6/10
Good movie, but overrated
9 May 2010
Warning: Spoilers
This is a good movie, well worth watching. However, I believe it has been overrated by some critics. For example, my Comcast online movie guide rated it as four stars, the highest. I would have given it three stars. Out of IMDb's ten star system, I have given it a seven.

Here's some things that made it good:

  • An unique storyline with a series of subplots woven around an inanimate object - the rifle - as it changes ownership amongst the various characters in the movie.


  • Contains two elements I consider essential to a "classic" Western". First, it has Indians in the plot and there is some attempt to treat them as three dimensional characters with legitimate grievances. Second, there are Civil War themes running through the movie. The "West" was essentially a very short period of time between 1865 and 1885. Very few people in the West during that time were untouched by the Civil War, in fact, for most it was by far the most traumatic and defining event in their lives. I like to see this somehow referenced in my Westerns.

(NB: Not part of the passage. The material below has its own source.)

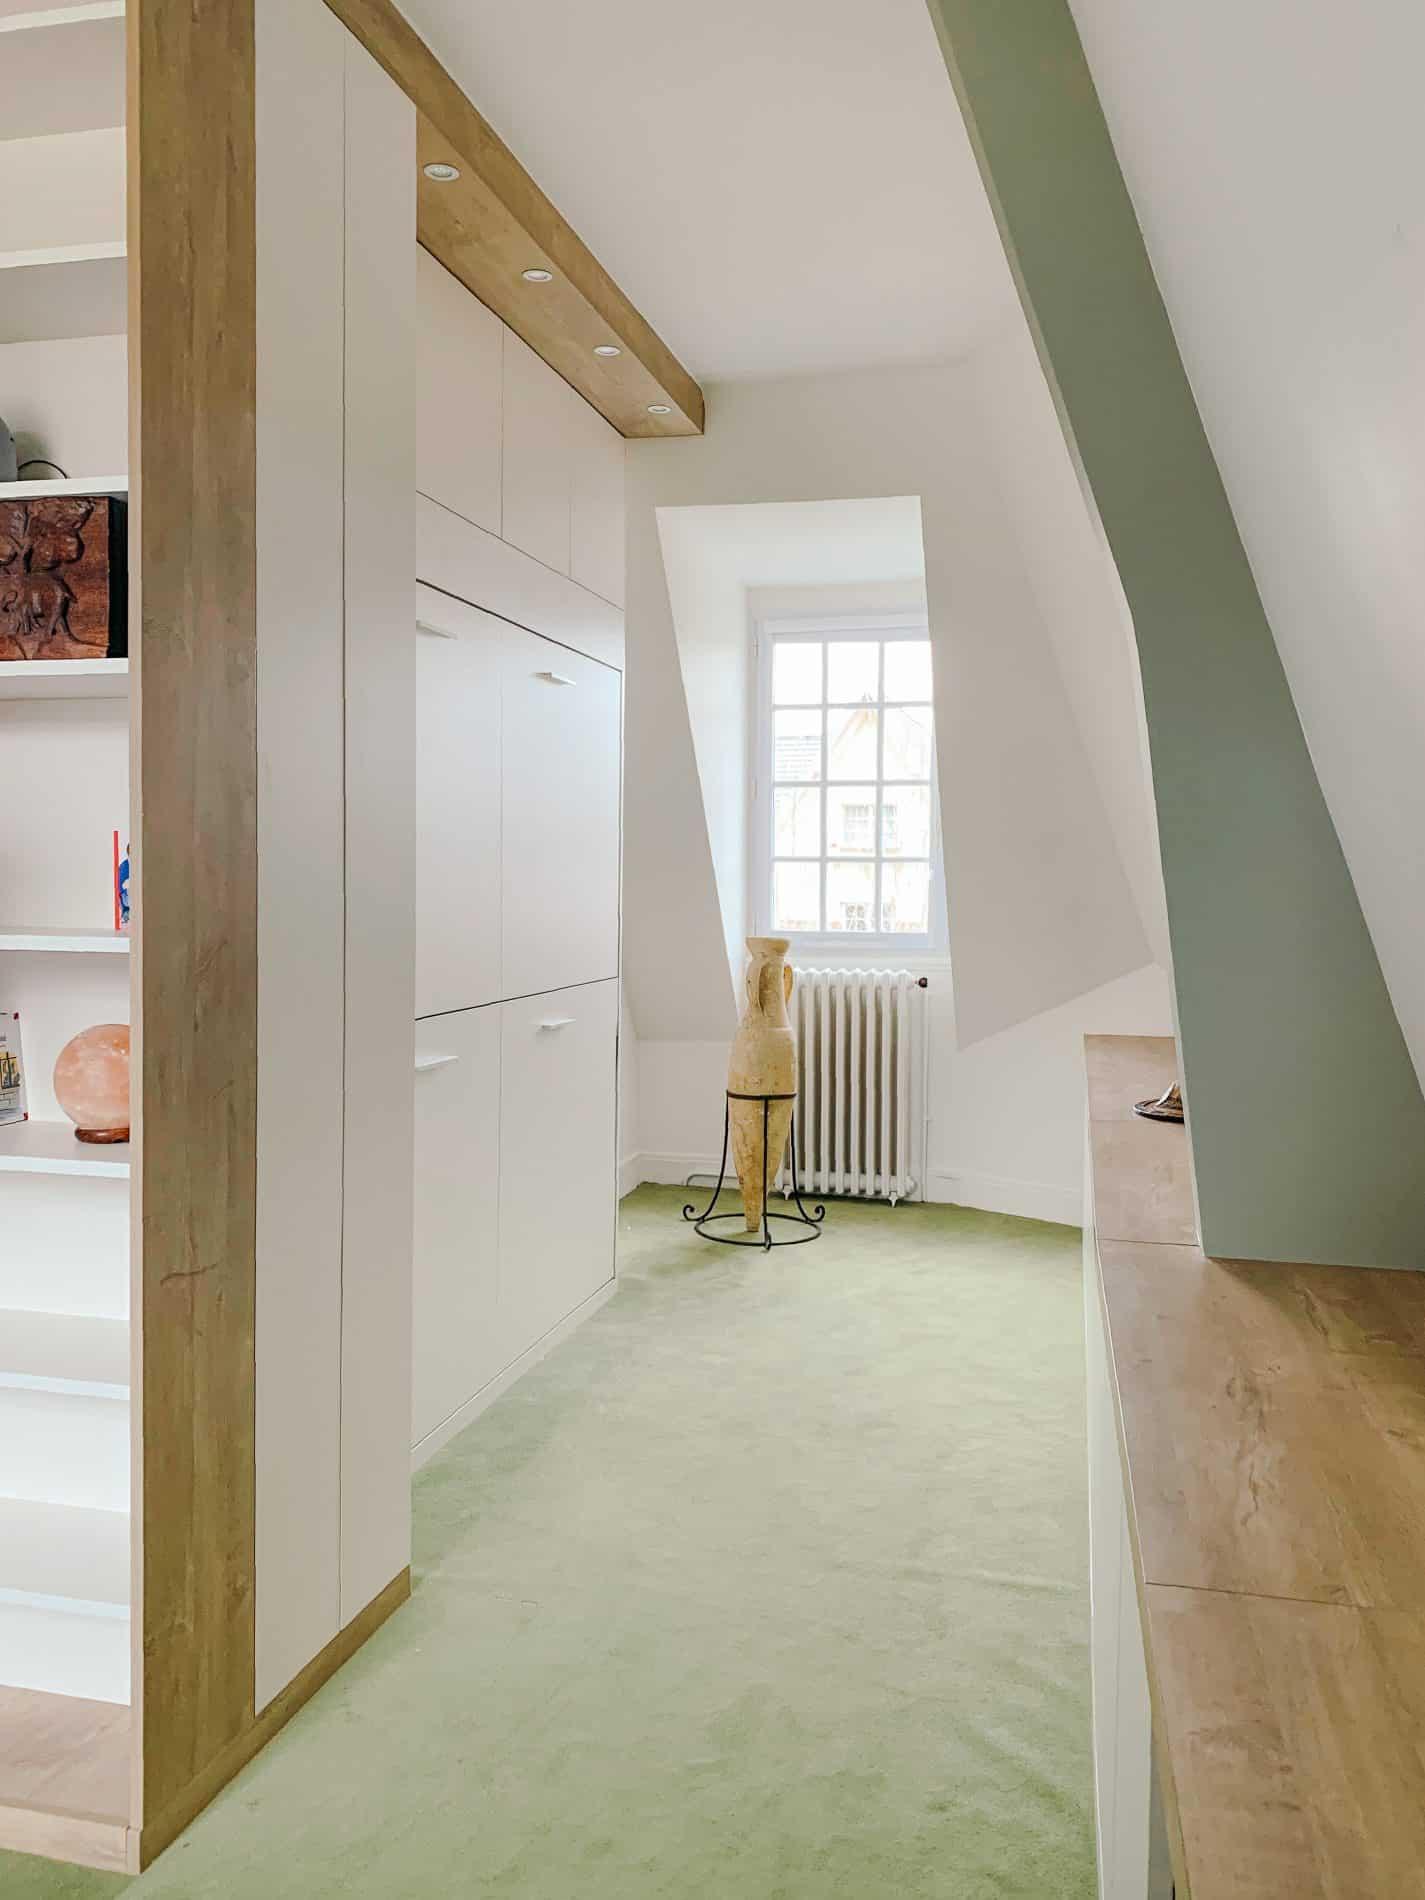 lits superposés rabattable ouvert fermé

  • Besides John Wayne, Jimmy Stewart probably comes across as the most natural, likable cowboy/Western character of all the Hollywood actors. He basically lights up almost any Western he's in. This is an especially good movie for Stewart fans, because he demonstrates a dark side, although this is not well developed by the plot. The movie would have been a lot better if they went further with that idea and maybe downplayed Shelly Winter's role.


  • There's a great scene where Lola is being driven in a cart by her fiancé. They are attacked by Indians and her fiancé has a "yellow" panic attack, pulls the cart over, jumps on a horse and rides off, leaving his fiancé to her fate with the Indians. This is very shocking and I don't recall ever seeing a scene like it in any movie.

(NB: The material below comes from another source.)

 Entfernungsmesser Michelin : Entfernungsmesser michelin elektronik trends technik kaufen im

  • Interesting bit parts by a very young Rock Hudson and Tony Curtis.


Here's some things that detracted from the movie and caused me to subtract stars:

  • We don't find out until the very end of the movie that "Dutch Henry Brown", the man being tracked down by Lin McAdam, is actually his own brother. This movie would have been MUCH, MUCH better if we had known this from the outset. This would have added tremendous complexity to the McAdam's character, as he struggled with feelings of guilt, maybe throw in a few Abel and Cain references, etc.


  • Shelly Winters' character just doesn't work for me. I like Shelly Winters, she played a similar role with great humor and effectiveness 18 years later in "The Scalphunters". But here, I think the script is the problem. The female role seems gratuitous.


  • Stephen McNally was a weak heavy. He is miscast here. He comes across as an ethnic 30's gangster type, very out of place in 1875 Kansas. Given this movie's weaknesses, it really needed a more charismatic bad guy. Duryea's "Waco Johnnie Dean" should have played the role of the brother.


  • I didn't understand the purpose of High Spade, Lin's companion and friend. Usually the puropose of the buddy is to tragically die, fueling the hero to self righteous revenge. This seemed to be telegraphed in a scene where Lin emphasizes to High Spade that life is barely worth living without good friends like him. In most movies, this is a buddy death sentence, but High Spade waltzes through the rest of the film unscathed.


In "The Searchers" Ethan Edwards had a buddy during his similar multi- year epic journey of revenge. But Martin Pauley had a key role in later plot developments and provided critical comic relief. Also Edwards and he and a complex relationship.

High Spade provides no value to the movie. Lin's characterization could have been more compelling if he had been alone. This worked fine in a movie released a couple of years later, Fritz Lang's "Rancho Notorious". In that movie, Arthur Kennedy conducts a long journey of revenge without a buddy. (Interestingly, Fritz Lang was supposed to direct "Winchester '73", but dropped out when Jimmy Stewart was cast in the lead. This was Stewart's first Western and Lang thought he was miscast. Bad move by Lang. Stewart was then give director control and chose Anthony Mann, setting up the decade long Stewart/Mann collaboration)

  • They did a great job with the demonstration of marksmanship at the beginning of the movie, but it only served to make the lousy rock destroying shootout at the end of the film that much more disappointing.


  • If they had a award for "Worst Portrayal of Wyatt Earp" in a movie, this would be nominated.


  • The movie is almost totally devoid of comic relief, a concept unknown to Anthony Mann.


In conclusion, this is a good demonstration of why John Ford was a genius and Anthony Mann wasn't. In "The Searchers" Ford fully developed the dark side of his popular hero, Wayne and used humor effectively as a counterpoint. "Winchester '73" had the potential to be as good as "The Searchers", but came up well short, mostly for those reasons.

If Duryea had played the brother and they had revealed the brother connection early, this movie might have cracked my all time top 20 Westerns.